Hyperliquid [HYPE] set a new all-time high at $44, an eventuality that rising whale inflows and rising Open Interest pointed toward. The 90-day spot CVD data showed buyer dominance, which should encourage buyers.

With a Bitcoin [BTC] dip underway, it was possible that HYPE would see a reset. The divergence witnessed on the 3-day chart strengthened the likelihood of a deeper retracement.

Sustained demand in recent months meant that a dip might not last long or go too deep.

Hyperliquid maintains its bullish structure across timeframes

HYPE 3-day Chart

Source: HYPE/USDT on TradingView

The 3-day chart showed a clear bullish bias for Hyperliquid. Its rally beyond the early January high at $27.2 was a sign of bullish intent.

Over the past month, the same level was retested as a demand zone, and HYPE rallied another 48% in 24 days.

The volume bars have trended downward over the past month, seen by the dip in the 20 DMA of the volume. In an uptrend, this could be a warning sign of overextension.

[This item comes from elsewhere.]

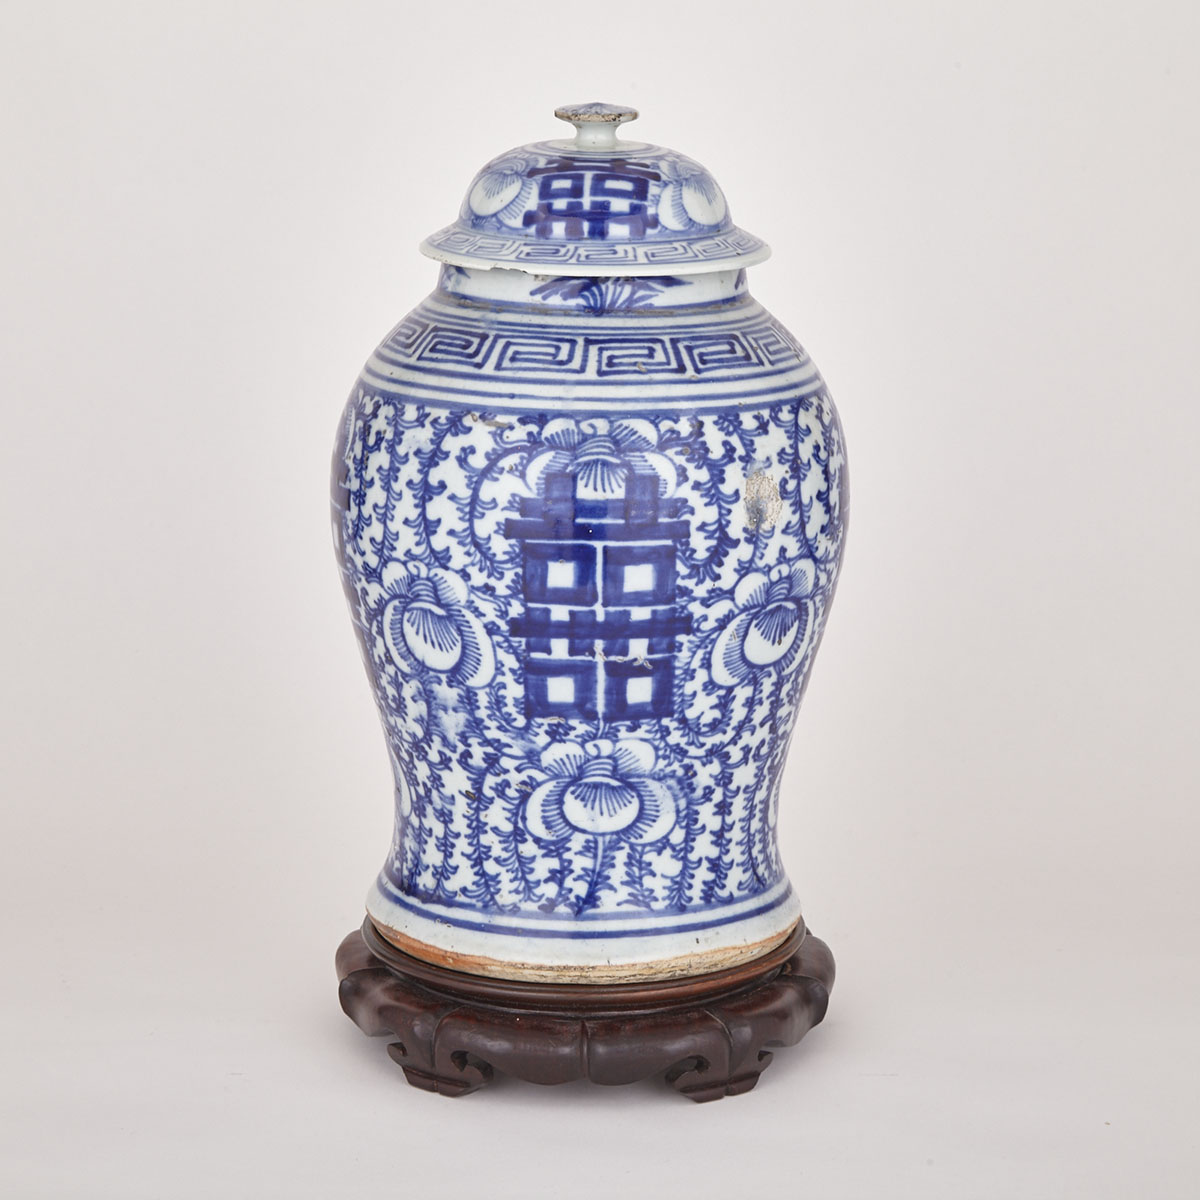 Chinese Blue and White Export Porcelain Ginger Jar, 19th early 20th century

Hyperliquid might be forced to consolidate in the coming weeks.

This idea was reinforced by the bearish divergence on the 3-day chart. The RSI made lower highs from the 25th of May, while the price made higher highs.

It was a classic bearish divergence with the momentum and was an early clue of a retracement.

HYPE 4-hour chart

Source: HYPE/USDT on TradingView

On the 4-hour chart, the retracement appeared to be underway. The H4 market structure was firmly bullish, but momentum has receded toward neutral, as seen on the RSI.

The OBV did not show overwhelming selling pressure yet.

The Fibonacci retracement levels marked the $38.3, $36.95, and $35 levels as the potential supports in the coming days. A further drop in Bitcoin to $102k could see a deeper Hyperliquid price drop.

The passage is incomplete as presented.